Князь Дмитрий Платонович, все время не говоривший с женою, только из приличия отправлял к ней ежедневно своего камердинера осведомляться о здоровье. Теперь же он в первый раз нашел нужным прийти к ней лично — потому, нельзя же: княгиня уже принимала своих приятельниц.
— Как вы чувствуете себя нынче? — спросил он, вежливо целуя ее руку и с видом участия — в той, однако, дозе, насколько это было нужно и прилично.
— Сегодня мне гораздо лучше, — мило ответила княгиня, и мило опять-таки настолько, насколько могло это быть допущено в приличном супружестве.
— Пароксизм не возобновлялся? — с заботливым участием продолжал Шадурский.
— Благодаря бога, нет… Садитесь и слушайте, — предложила ему супруга, указывая на кресло у своих ног. — Мне сообщают чрезвычайно интересные новости.

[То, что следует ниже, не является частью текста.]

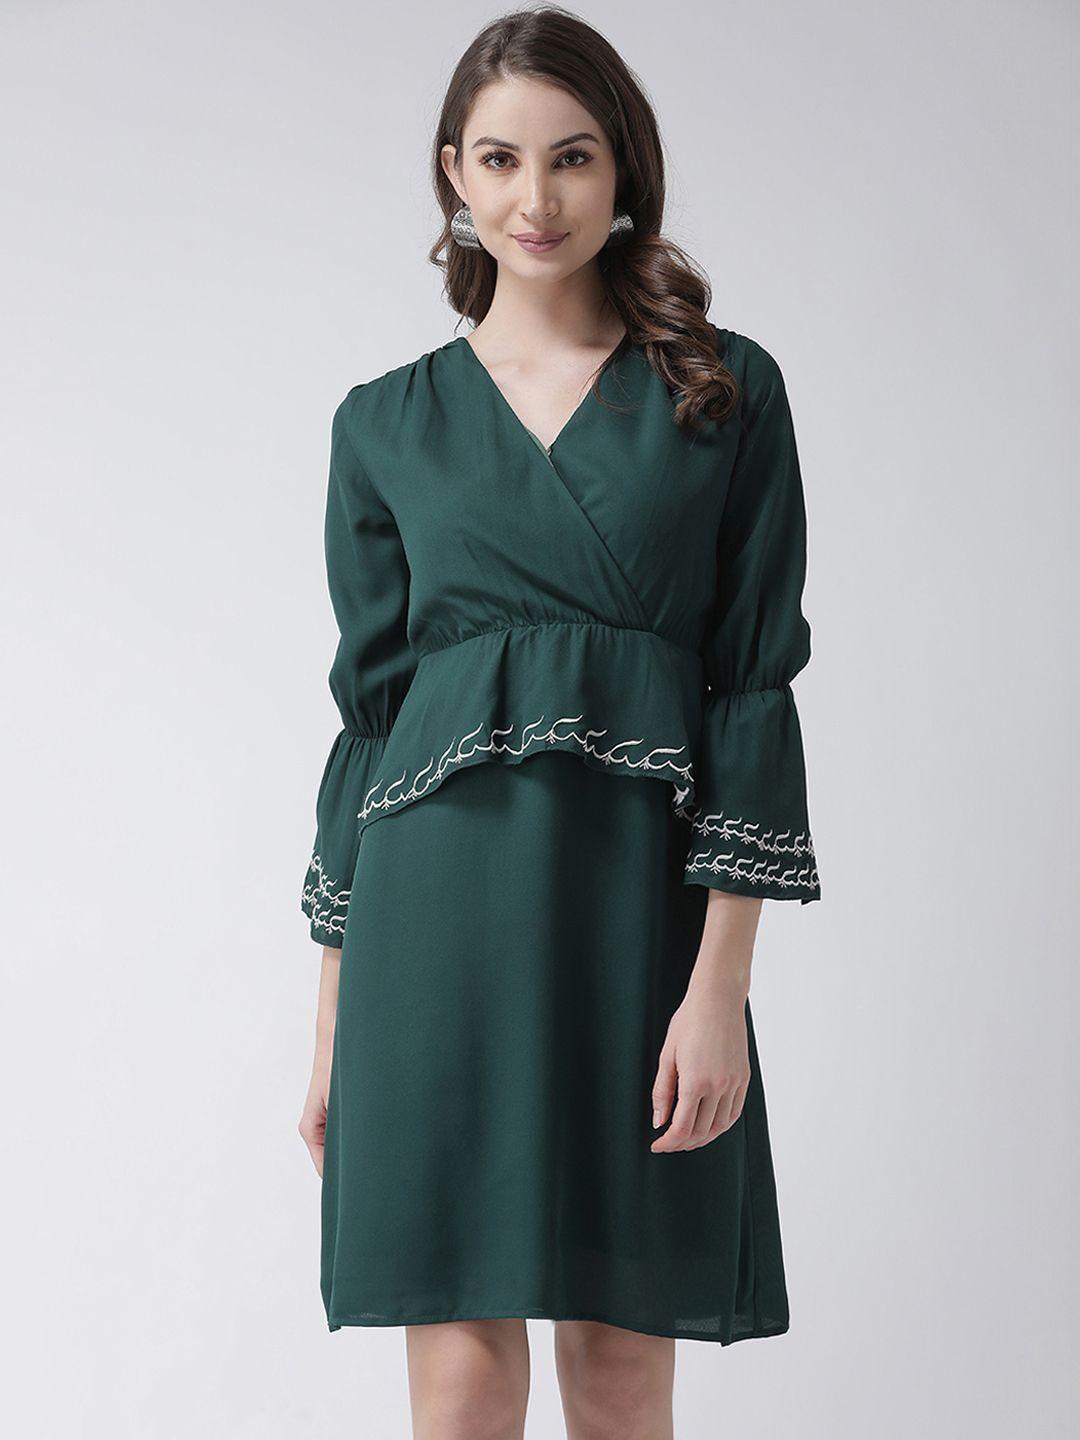 kassually women green printed peplum dress

— Ах, да, да! это ужасно, это невообразимо! — говорил ареопаг компетентных судей. — Мы говорили о скандале…
— Да! скажите, пожалуйста, что это такое? — любопытно подхватил Шадурский. — Я слышал кое-что, но, признаюсь, никак не могу поверить.

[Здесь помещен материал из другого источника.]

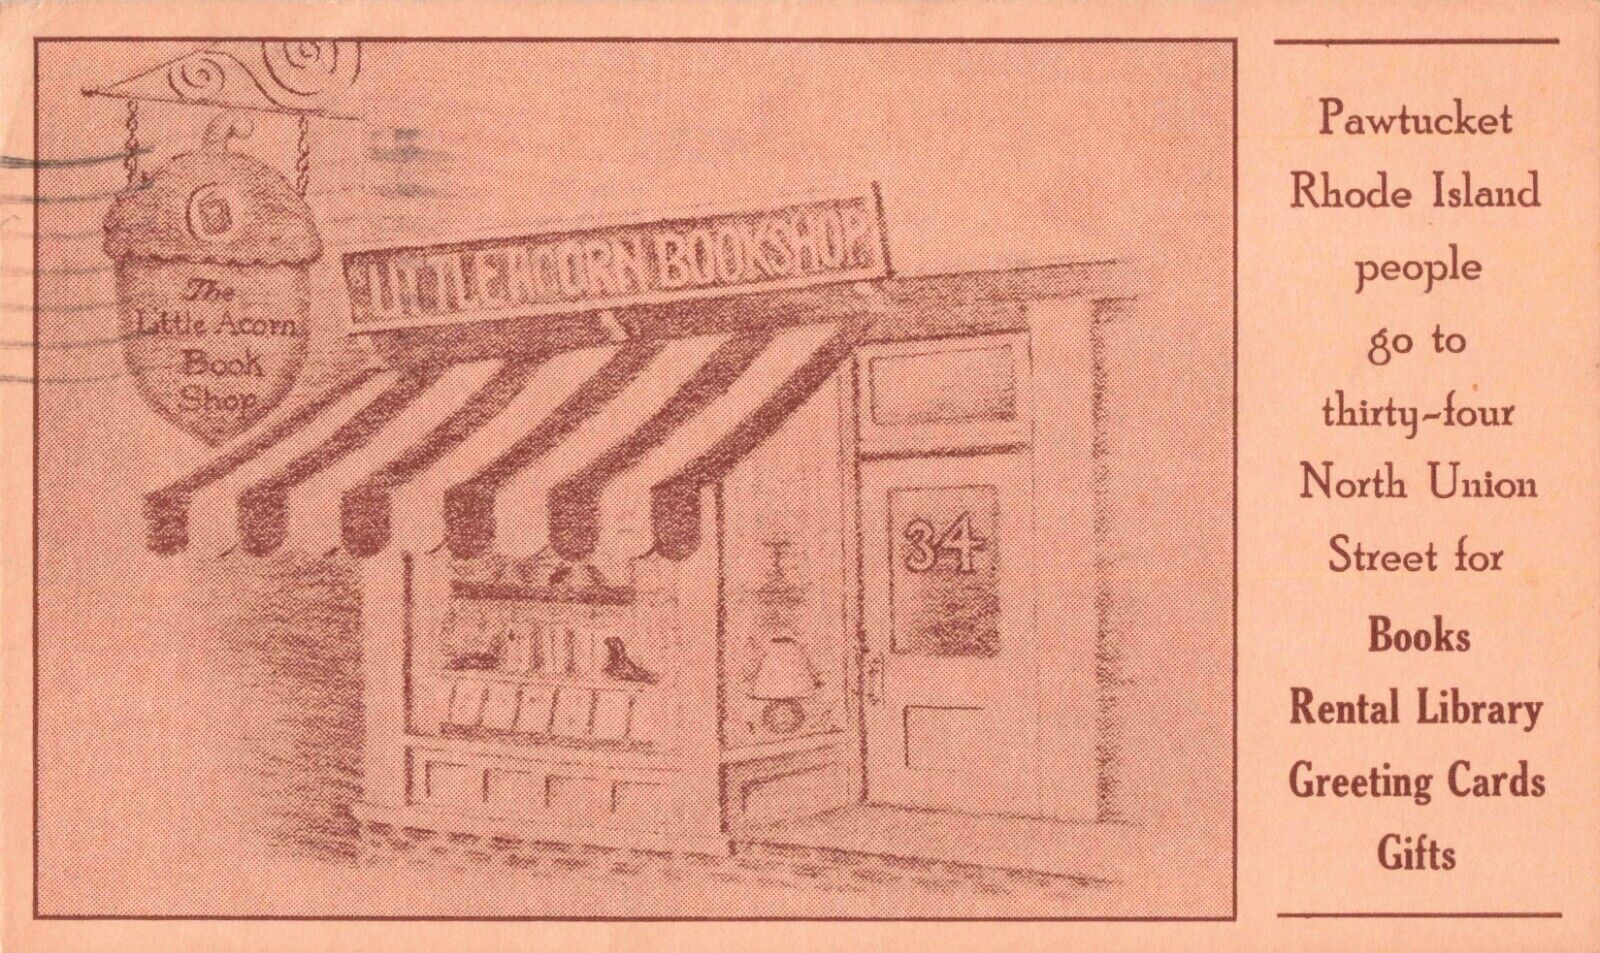 The Little Acorn Book Shop Pawtucket Rhode Island RI 1938 Postcard

— Можете не только верить, но даже веровать, как в истину, — докторальным тоном заметил один из дипломатов в юбке.
— Неужели же правда? — воскликнул Шадурский, растягивая в знак удивления свою физиономию, которая так и блистала в это мгновение могучим чувством непогрешимого достоинства.
— К стыду и к несчастью — правда! — отчетливо сказала Шипонина, печально покачав головой. — Я сама видела несчастную мать, сама читала письмо.
Замечательно, что сей достопочтенный ареопаг, говоря о скандале, не только не объяснил, в чем он заключается, но даже в разговоре между собою избегал самого слова «скандал», заменяя его безличными местоимениями то и это. Может быть, «ужасность» самого «проступка», а может, и присутствие сорокалетней девственницы связывали ареопагу органы болтливости.
— Подобной безнравственности никогда еще не бывало в нашем обществе! — горячо разглагольствовала баронесса Дункельт, считавшая десятками своих любовников и в том числе присутствующего князя, который тоже во время оно отдал ей должную дань.